# Looks Like "me Too"



## NoMo (Sep 7, 2005)

Hello everyone.

If everything goes as planned, we'll be picking up our new 29FBHS on Monday. This will be our third 5th-wheel trailer so were definitely not camping newbies, but am a definite "Outbacker" rookie.

I think it's a great endorsement for a product when owners set up a website like this to share their experiences. Been reading the site for a couple of weeks and when we decided to actually go with this trailer, I became a member here too. Looking forward to many happy camping trips in the new trailer.

Thanks for all of the valuable information you've already provided!


----------



## ARzark (Aug 9, 2005)

Congratulations! Monday isn't far away (unless you're expecting a new trailer!).
Enjoy that beautiful new fiver and let us know how everything goes.

and.. Welcome to Outbackers.com! Don't forget to order your Outbacker stickers!


----------



## drobe5150 (Jan 21, 2005)

nomo action

welcome to the outbackers forum.
and congrats on the new 5er









darrel


----------



## Howie (Jun 19, 2005)

_*Welcome to the site and glad you chose a Outback 5er...............

your gonna love it here!!*_


----------



## HootBob (Apr 26, 2004)

Welcome NoMo to the Outback Family
Congrats on the 5er Monday will be here befor you know it









Don


----------



## Fire44 (Mar 6, 2005)

Welcome to the site and congrads on the new Outback.

Gary


----------



## mswalt (Sep 14, 2004)

NoMo (sitting around the house but willl be out campin'?),









Welcome to the Forum and congrats on your upcoming purchase!

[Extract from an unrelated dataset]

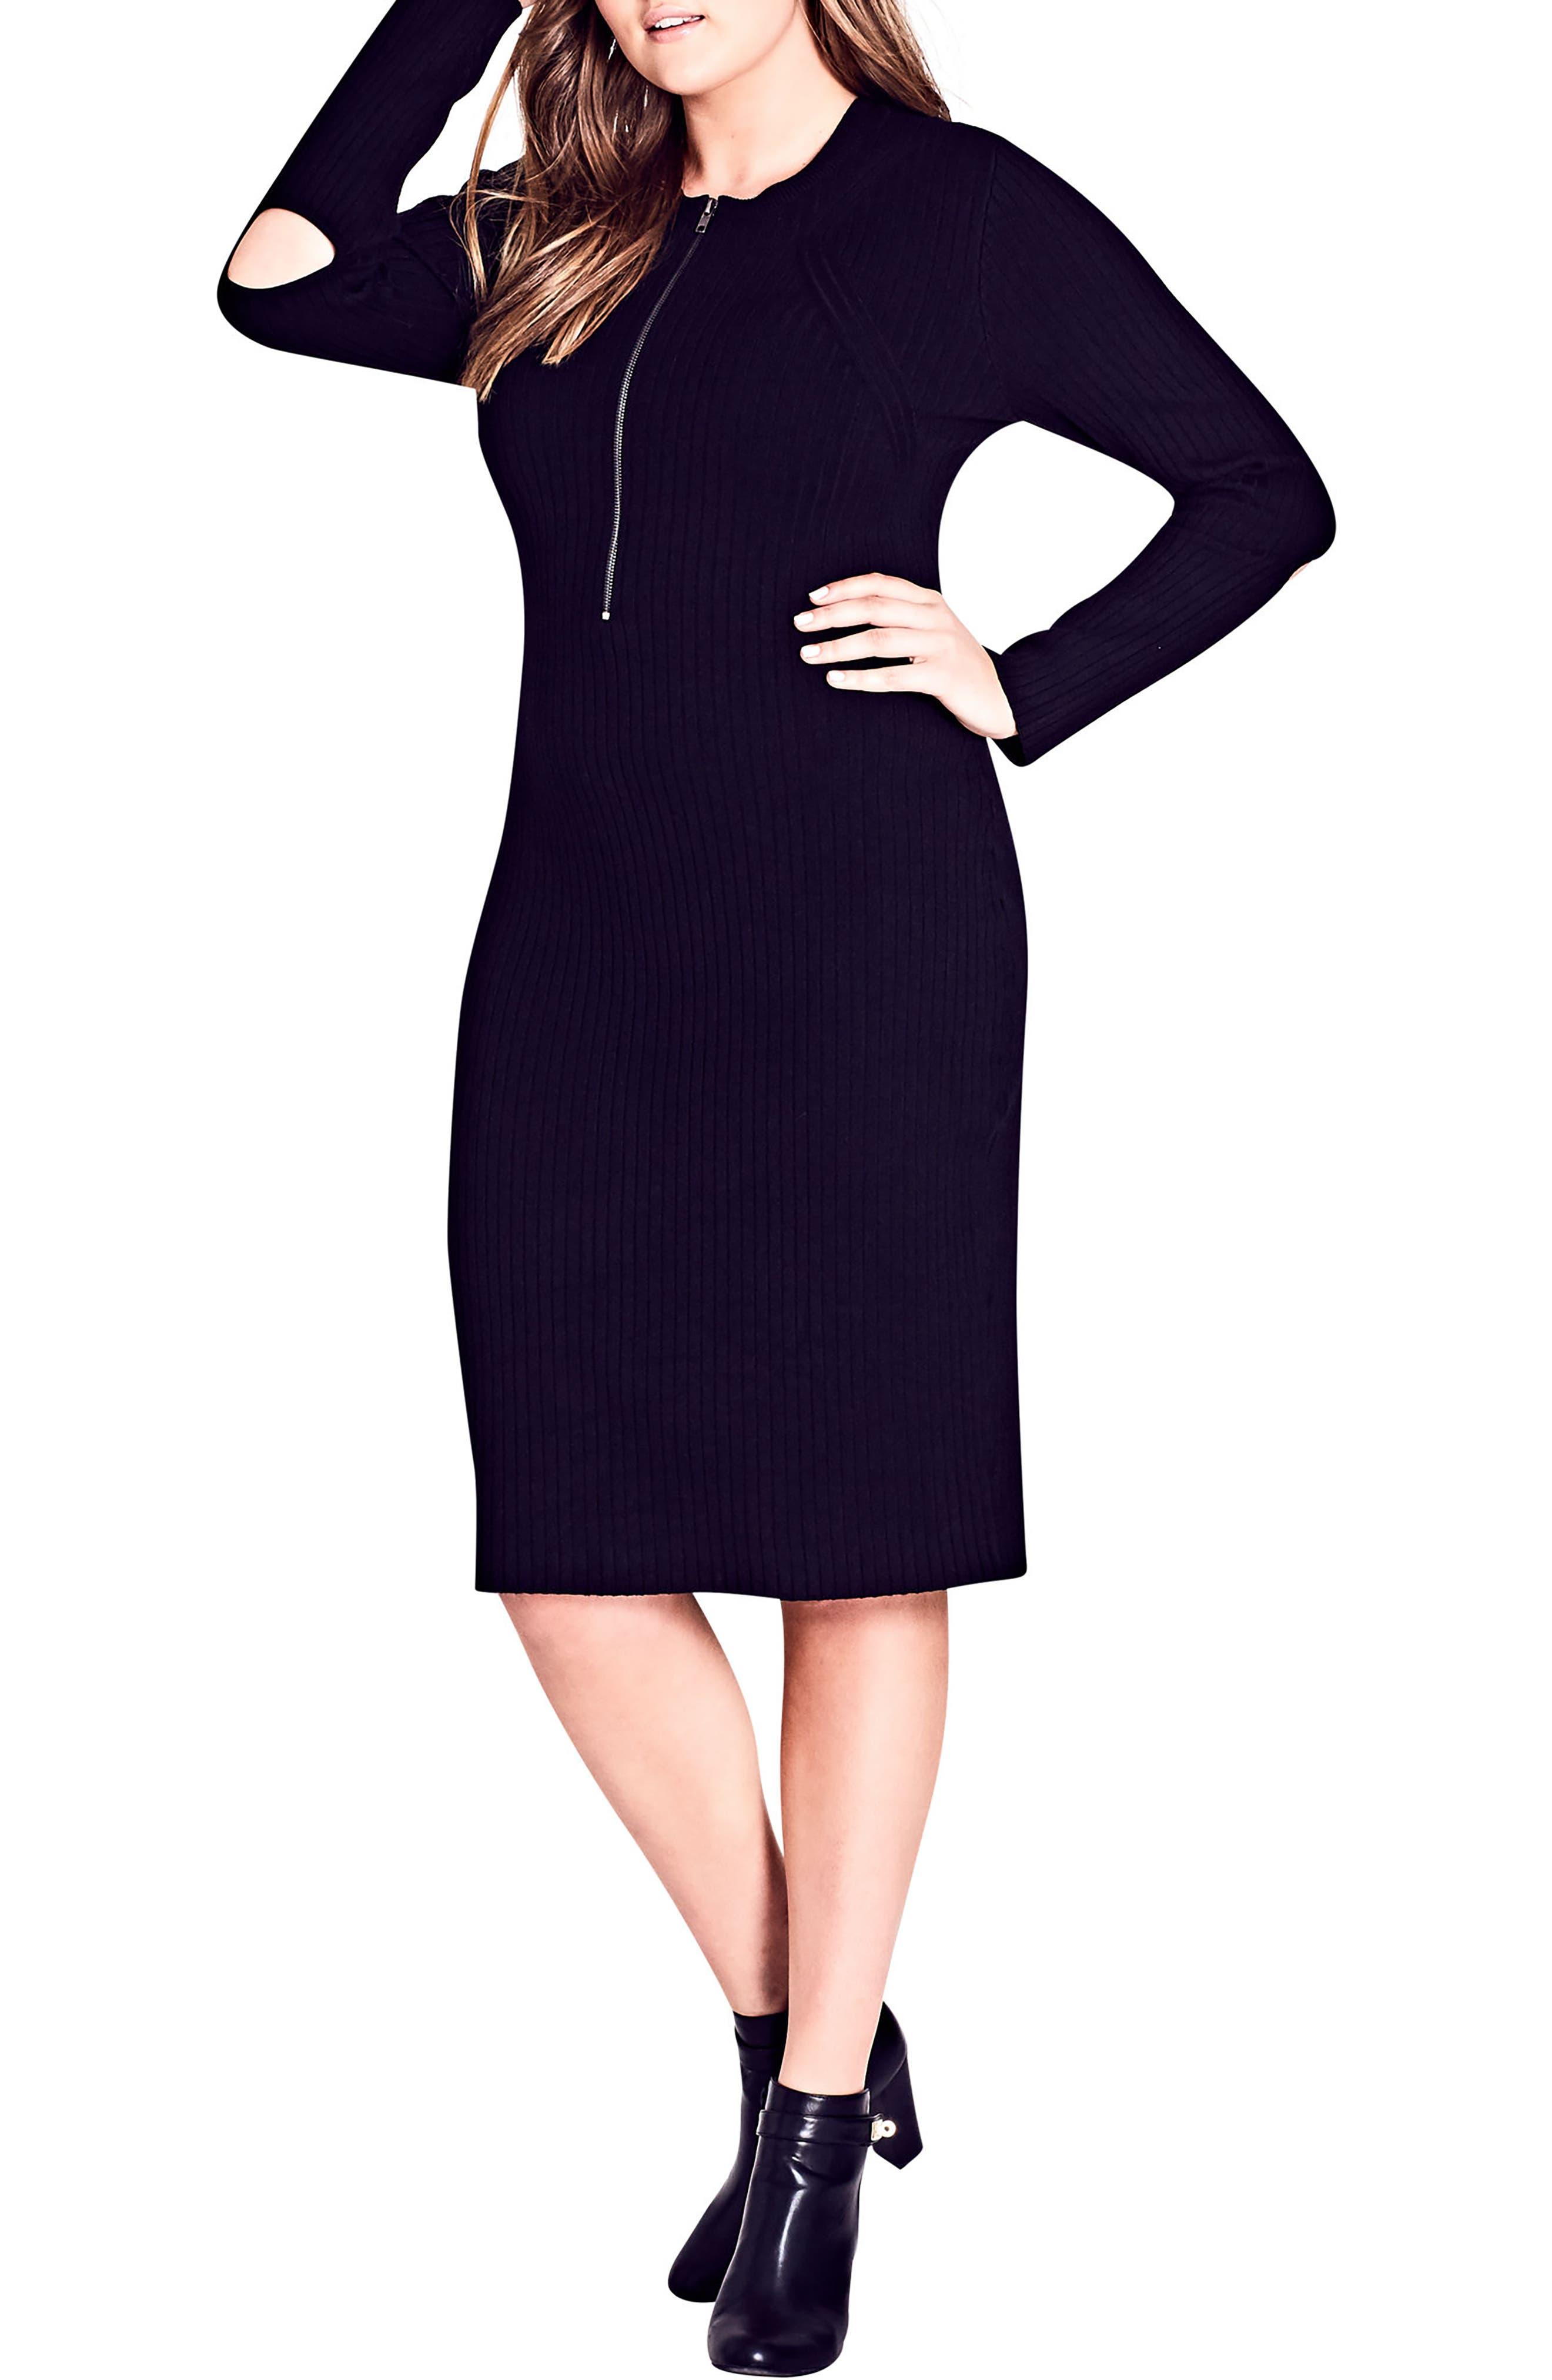 Zipped Up Sweater Dress,                         Main,                         color, Black

Have a great time in your new Outback!









Mark


----------



## PDX_Doug (Nov 16, 2004)

NoMo,

action Welcome to Outbackers! action

Always great to see new faces joining the family.
And congratulations on the new 5er!

Happy Trails,
Doug


----------



## Fred n Ethel (Aug 30, 2005)

Welcome to the site and congratulations on the new trailer.

Someday I'll get a 5er.

Good luck,
Ralph


----------



## NoMo (Sep 7, 2005)

Thanks everyone. We're pretty excited about the new trailer. Our old one was perfect when it was just my wife & me. But now that the 'little one' has come along, we need more room. Will also be nice to have a separate bedroom for the kid & all her "stuff".


----------



## Y-Guy (Jan 30, 2004)

NoMo welcome to the Outbackers, congrats on your new Outback too!


----------



## NDJollyMon (Aug 22, 2003)

Congrats and welcome!


----------



## Thor (Apr 7, 2004)

Congrats on your new Outback








Welcome to Outbackers.com action

Thor


----------



## Darj (Oct 10, 2004)

Fred n Ethel said:


> Welcome to the site and congratulations on the new trailer.
> 
> Someday I'll get a 5er.
> 
> ...


Ditto!


----------



## qgallo (Jul 2, 2005)

WELCOME TO THE FAMILY action action


----------



## Oregon_Camper (Sep 13, 2004)

Glad to see another Outback family

Enjoy the site...there is more information here then you can hope for.


----------



## KRKarnes (Jul 9, 2005)

Congrads on the new outback. I'm on my second Outback and love them.


----------